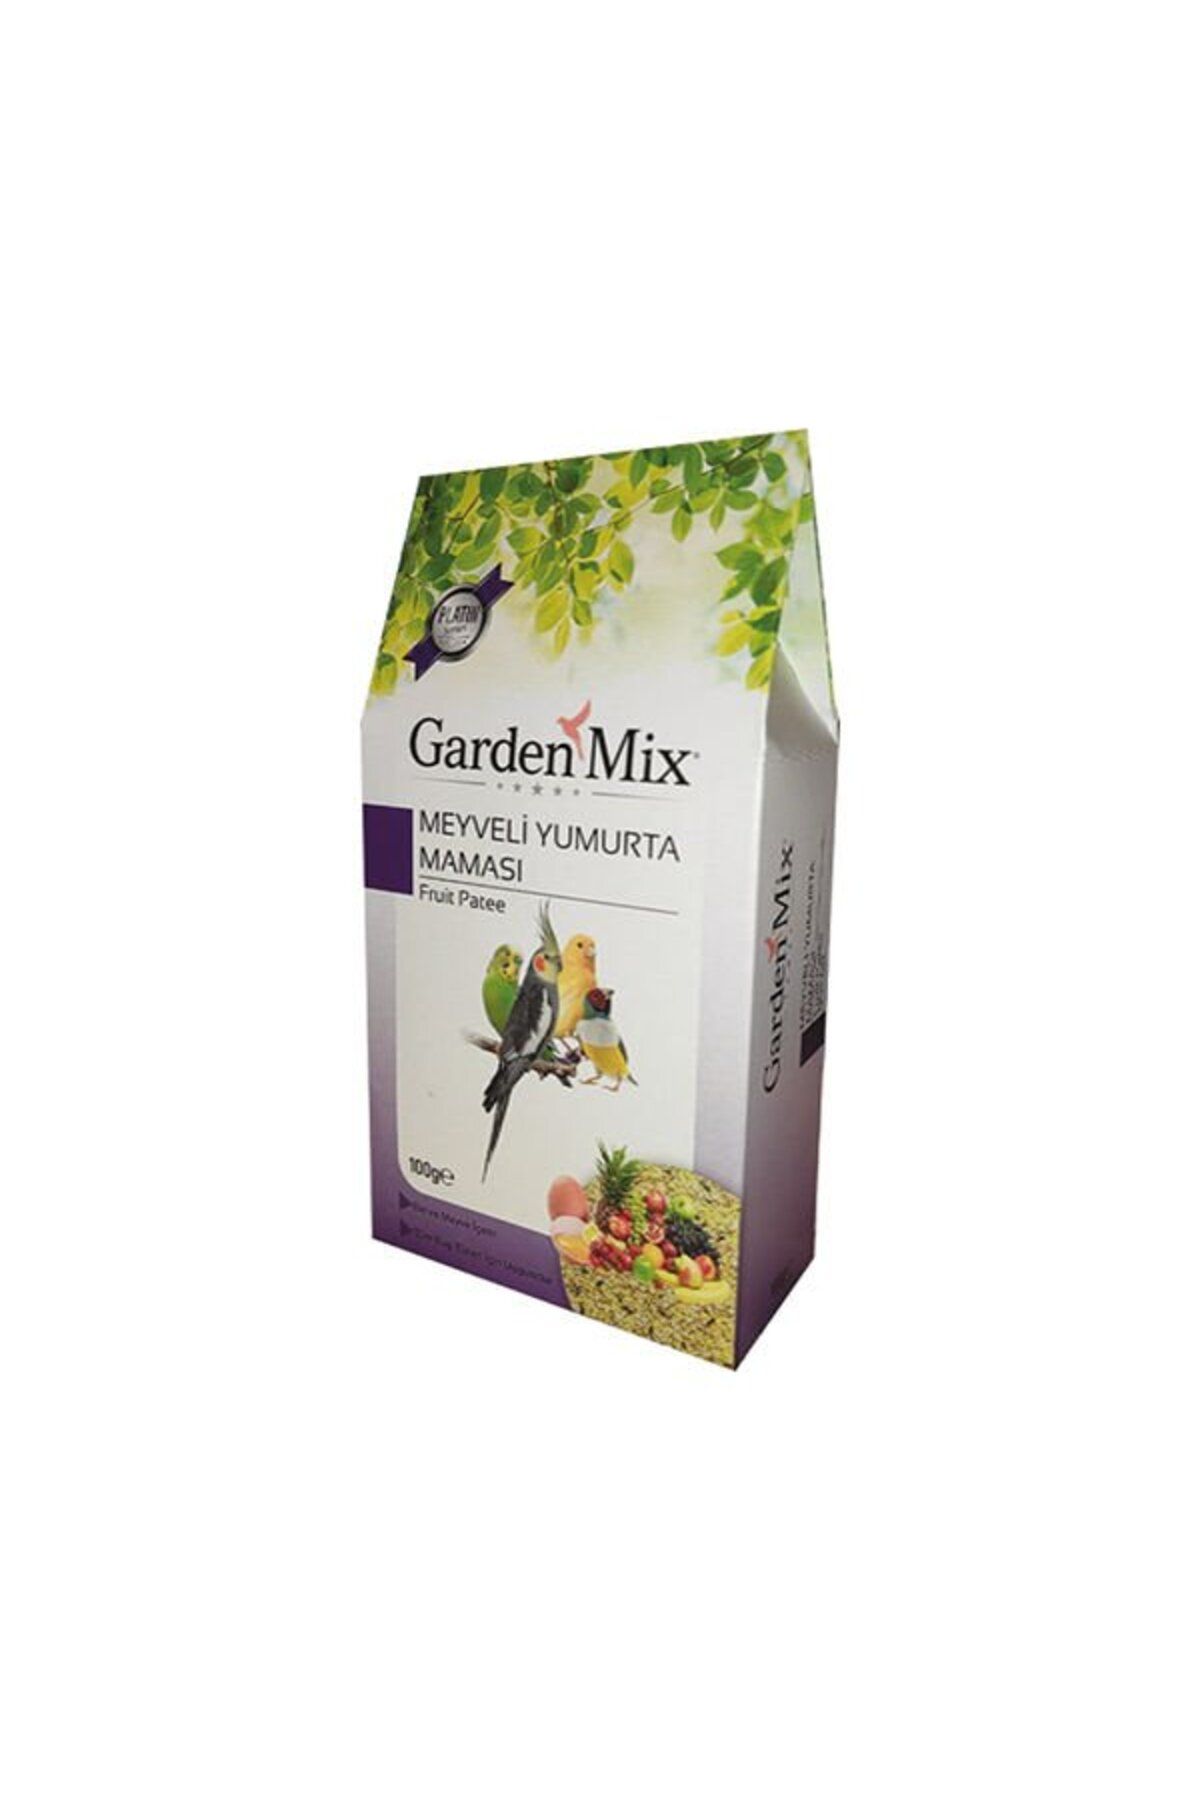 Gardenmix Garden Mix Meyveli Yumurta Maması 100gr
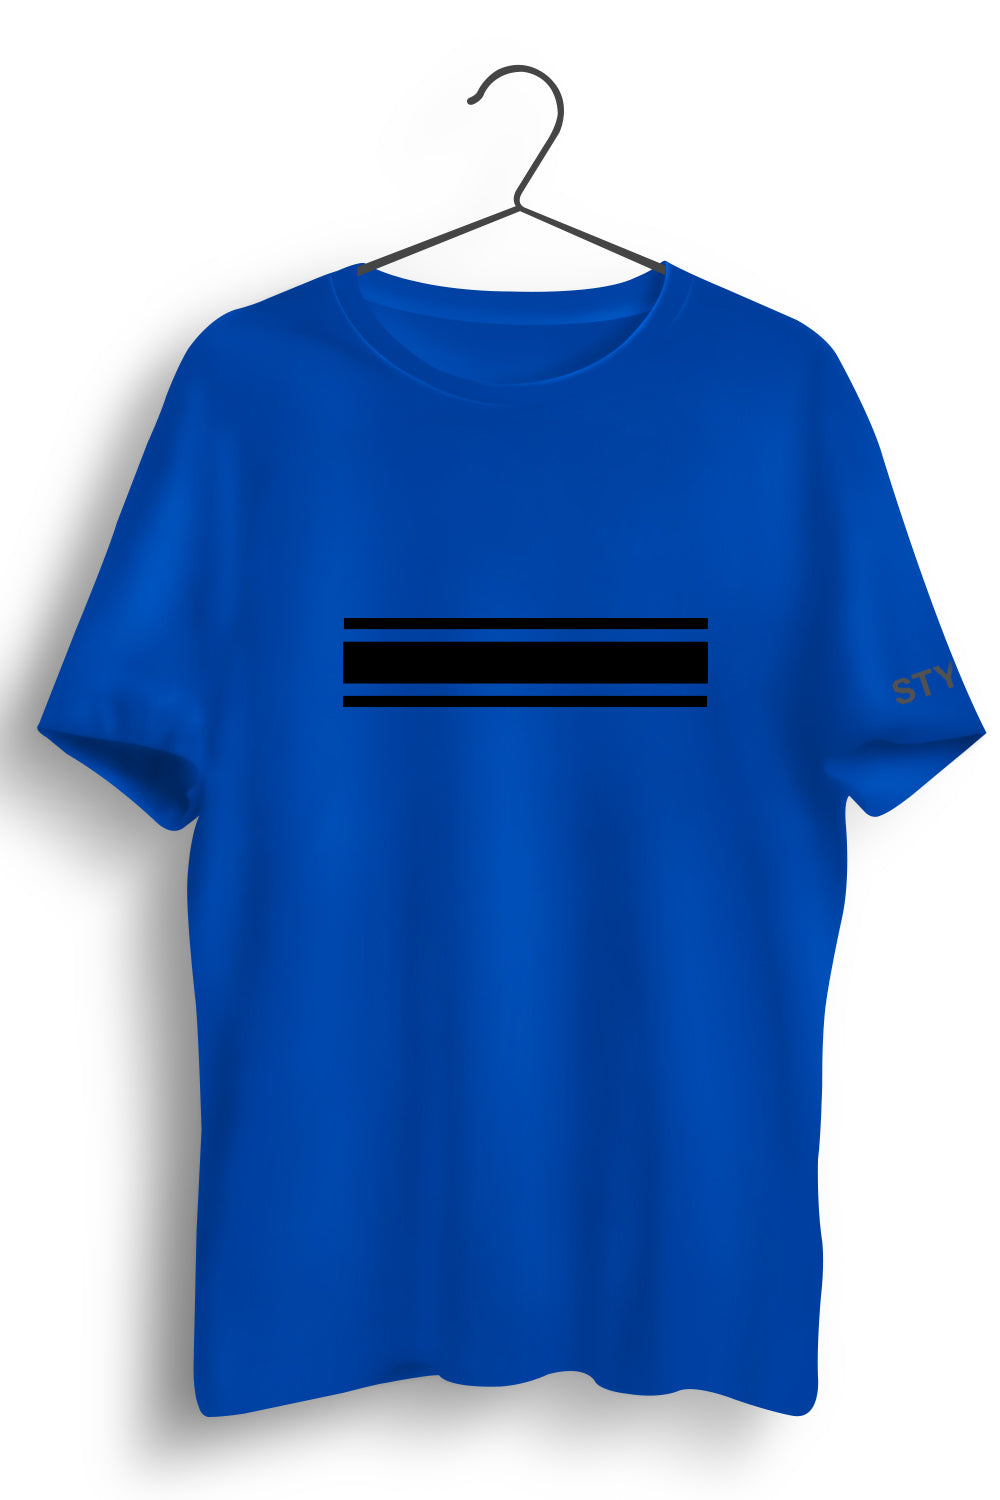 3 Stripes Graphic Printed Blue Tshirt
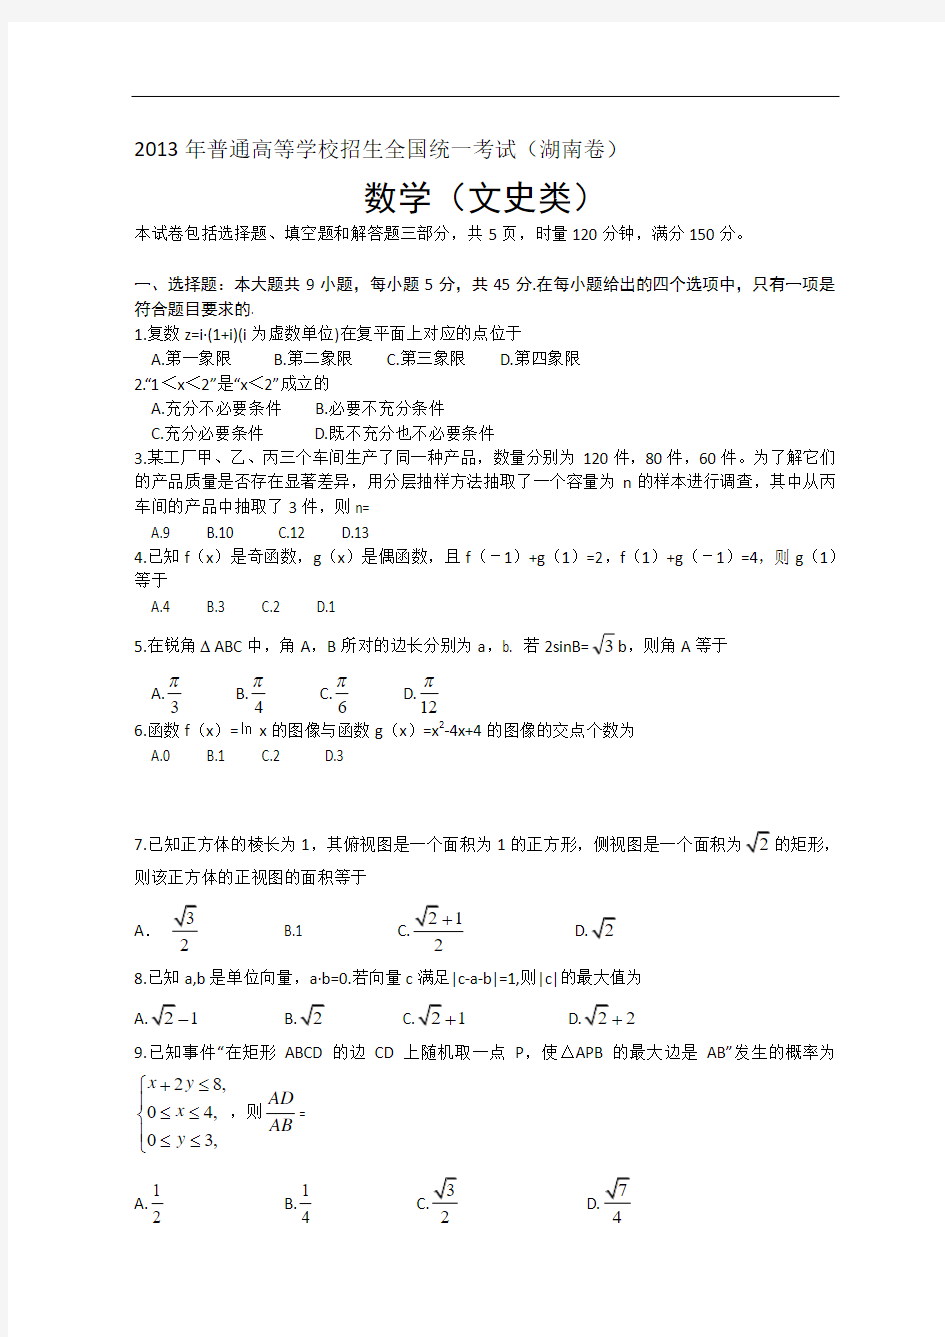 课间学习网—2013年全国高考文科数学试题及答案-湖南卷
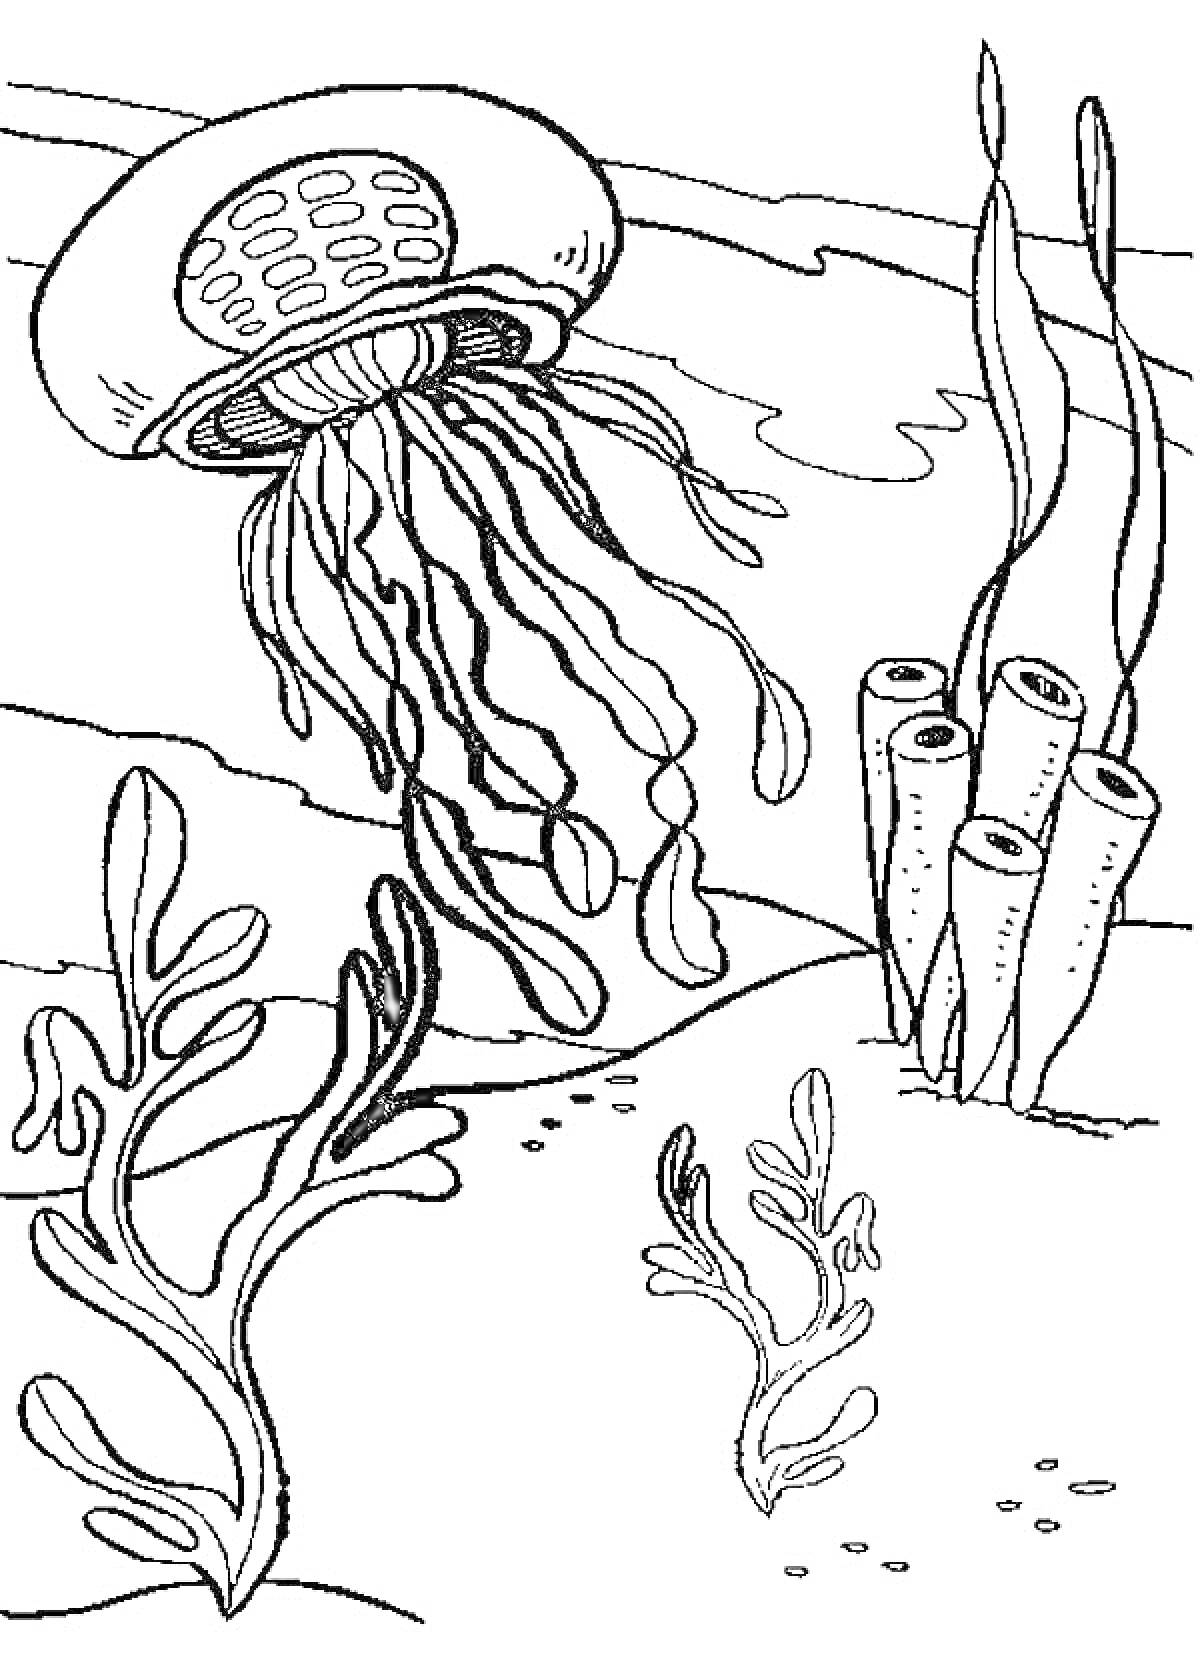 Медуза и водоросли на морском дне
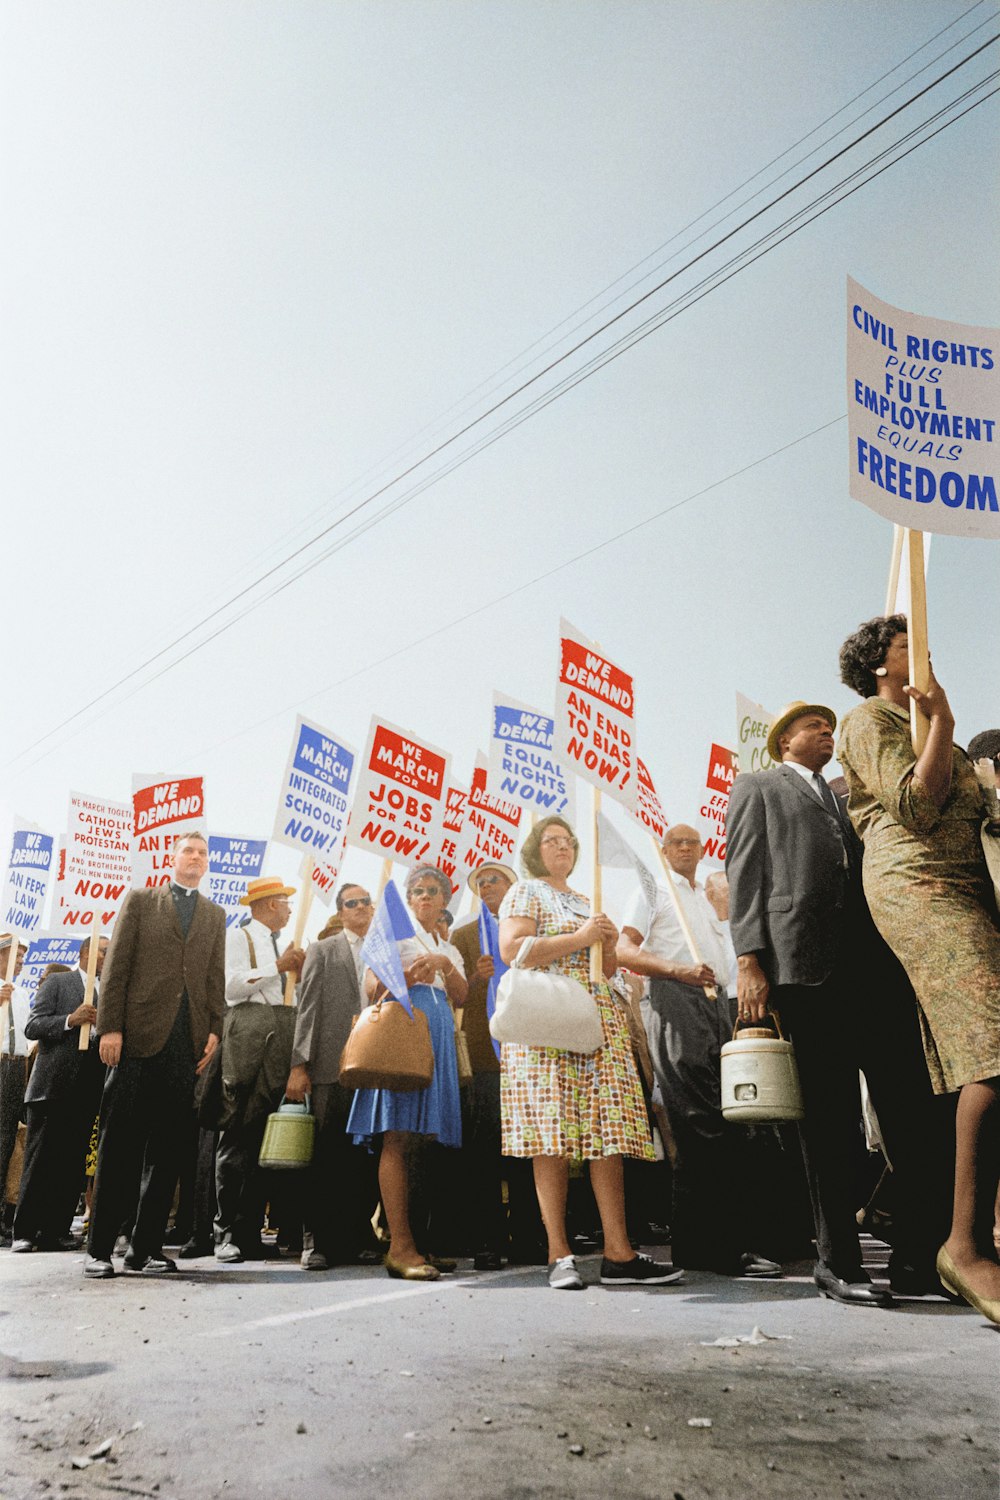 ワシントン大行進で投票権と平等な公民権を要求するプラカードを掲げるデモ参加者

================

Your answer should hold every record above, printed exactly and free of pictures.

 Gardenmix Garden Mix Meyveli Yumurta Maması 100gr
 3 Stripes Graphic Printed Blue Tshirt
 课间学习网—2013年全国高考文科数学试题及答案-湖南卷
 Медуза и водоросли на морском дне
 ワシントン大行進で投票権と平等な公民権を要求するプラカードを掲げるデモ参加者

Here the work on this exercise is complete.